Below this line is a listing that includes pictures. Copy exactly, and only, the lines from the one containing "Michael Middleton und" through the one containing "Ring, 900 Platin, besetzt"; the pictures do not go in the copy.

● Working data:
::::::
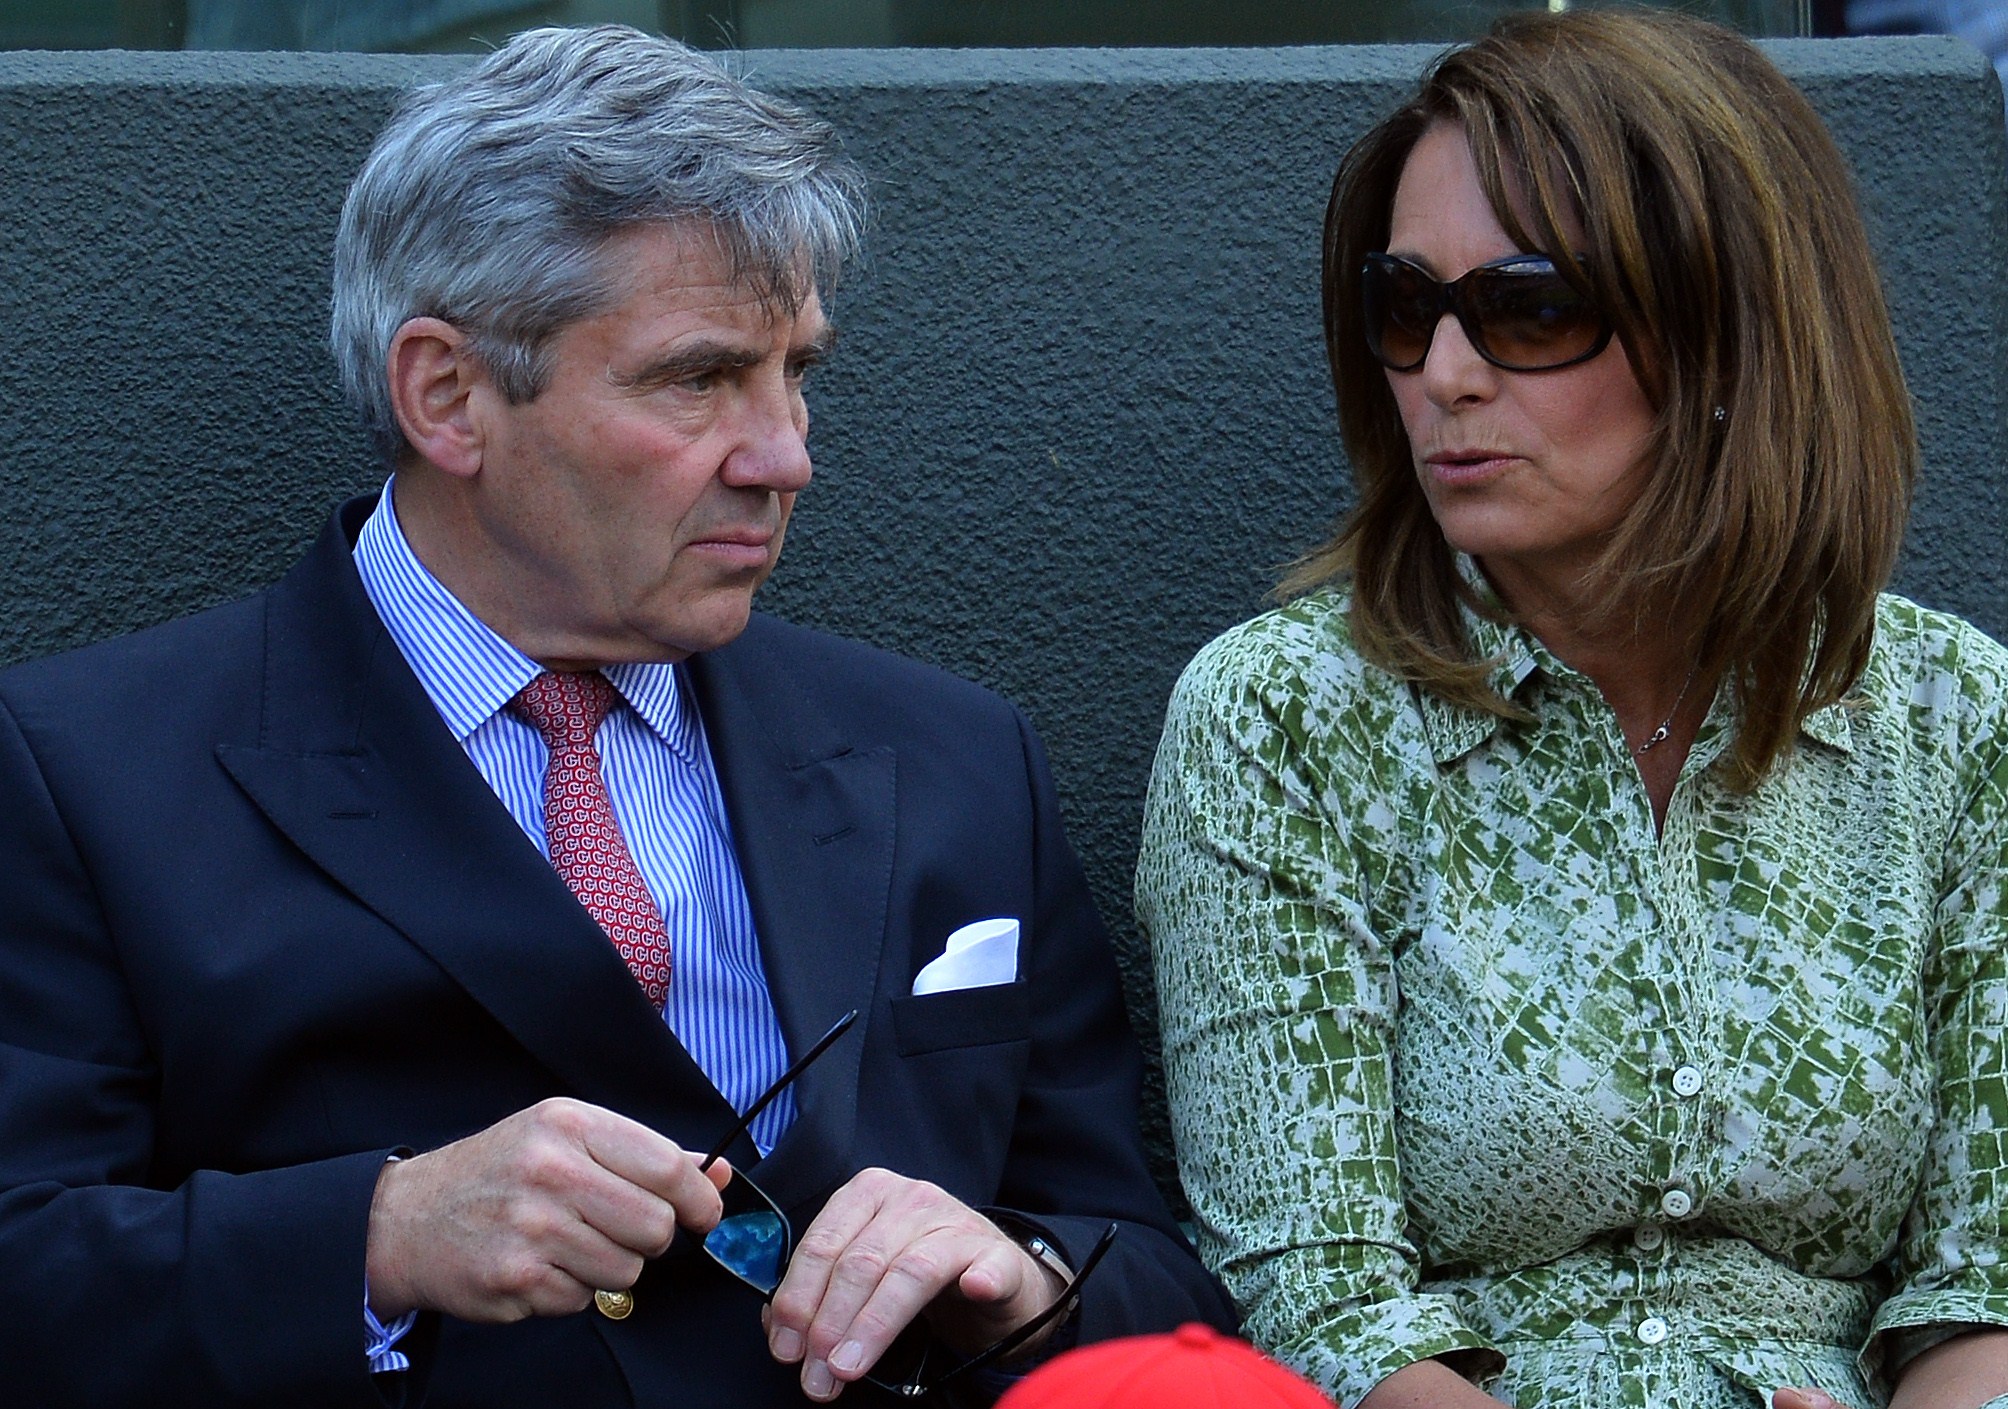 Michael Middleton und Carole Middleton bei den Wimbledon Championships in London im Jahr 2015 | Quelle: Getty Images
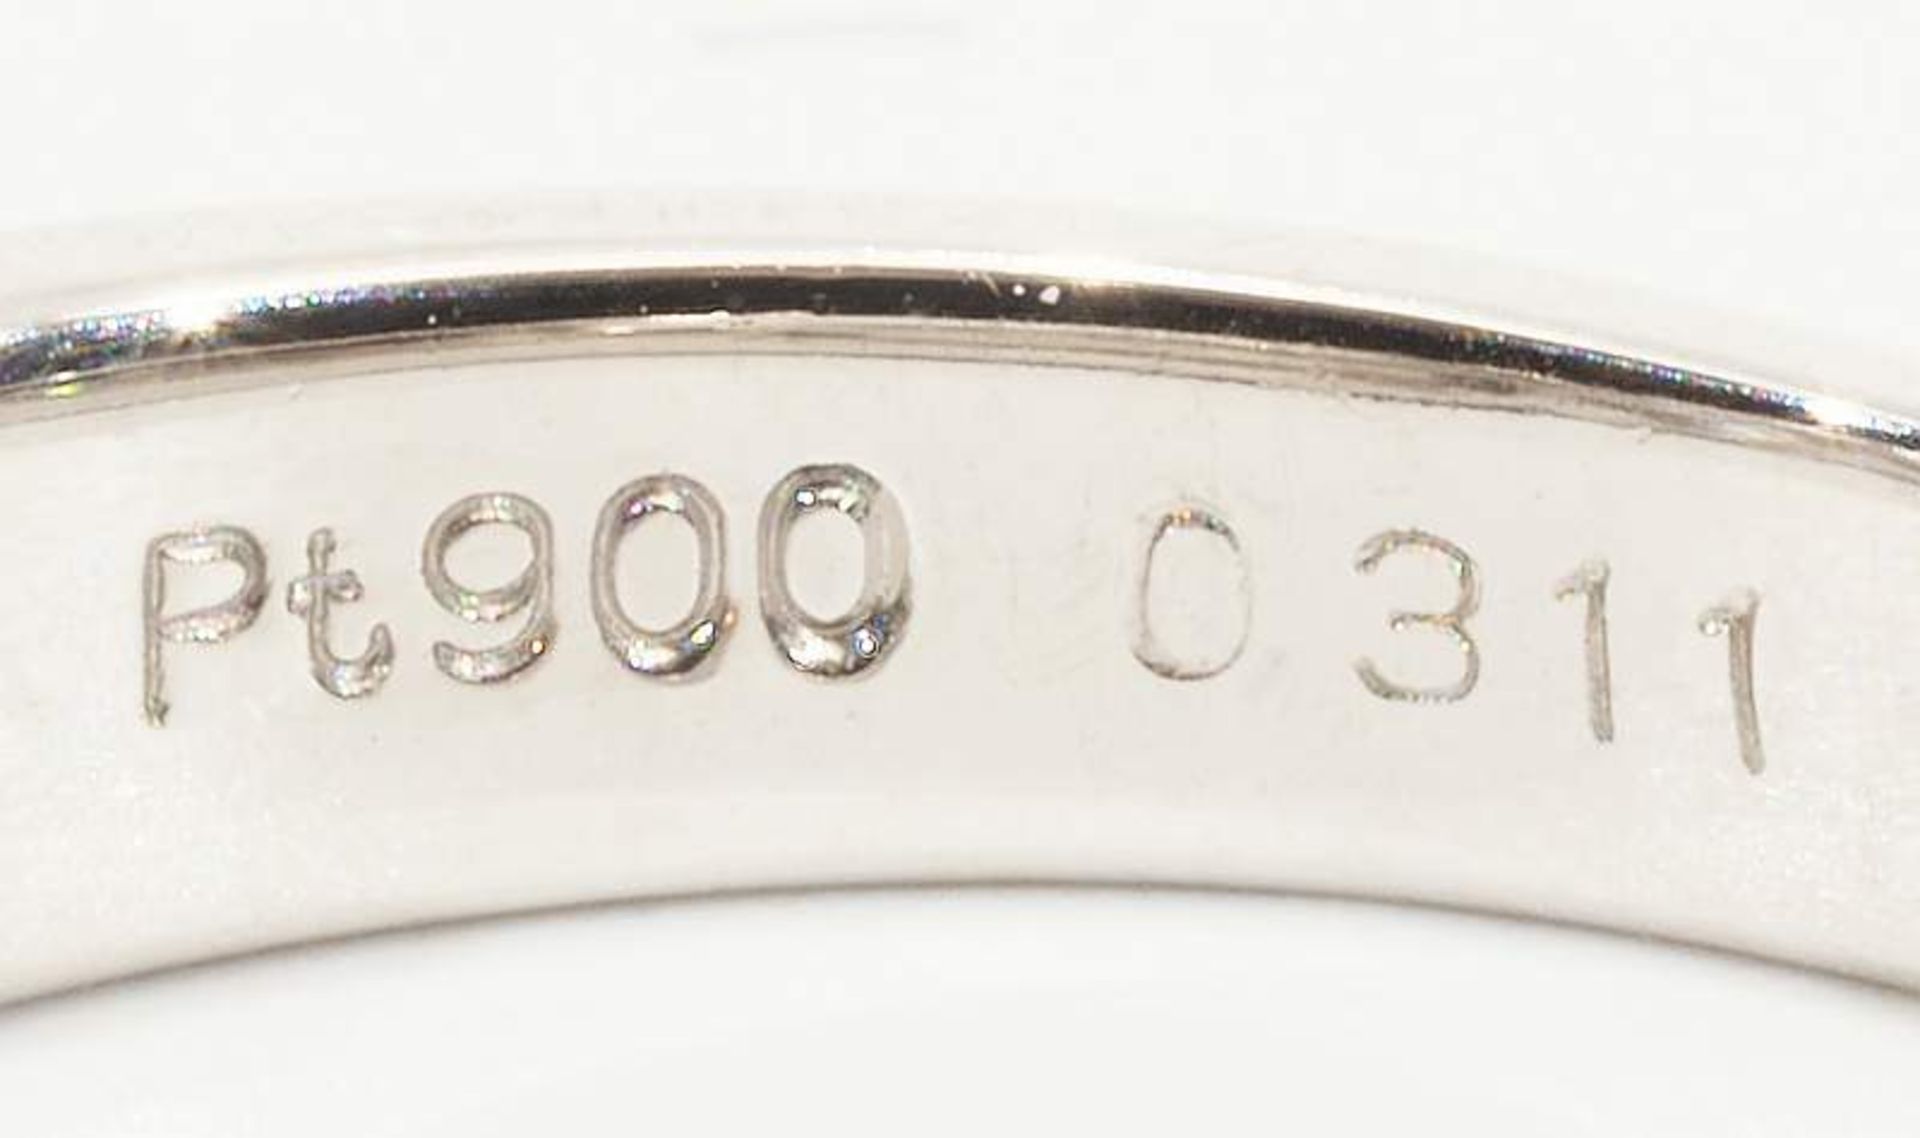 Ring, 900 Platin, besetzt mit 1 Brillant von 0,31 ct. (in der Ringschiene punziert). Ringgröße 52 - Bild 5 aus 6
::::::
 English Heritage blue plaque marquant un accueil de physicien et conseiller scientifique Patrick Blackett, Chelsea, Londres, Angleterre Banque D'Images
::::::
● Response to the exercise:
 Michael Middleton und Carole Middleton bei den Wimbledon Championships in London im Jahr 2015 | Quelle: Getty Images
 Ring, 900 Platin, besetzt mit 1 Brillant von 0,31 ct. (in der Ringschiene punziert). Ringgröße 52 - Bild 5 aus 6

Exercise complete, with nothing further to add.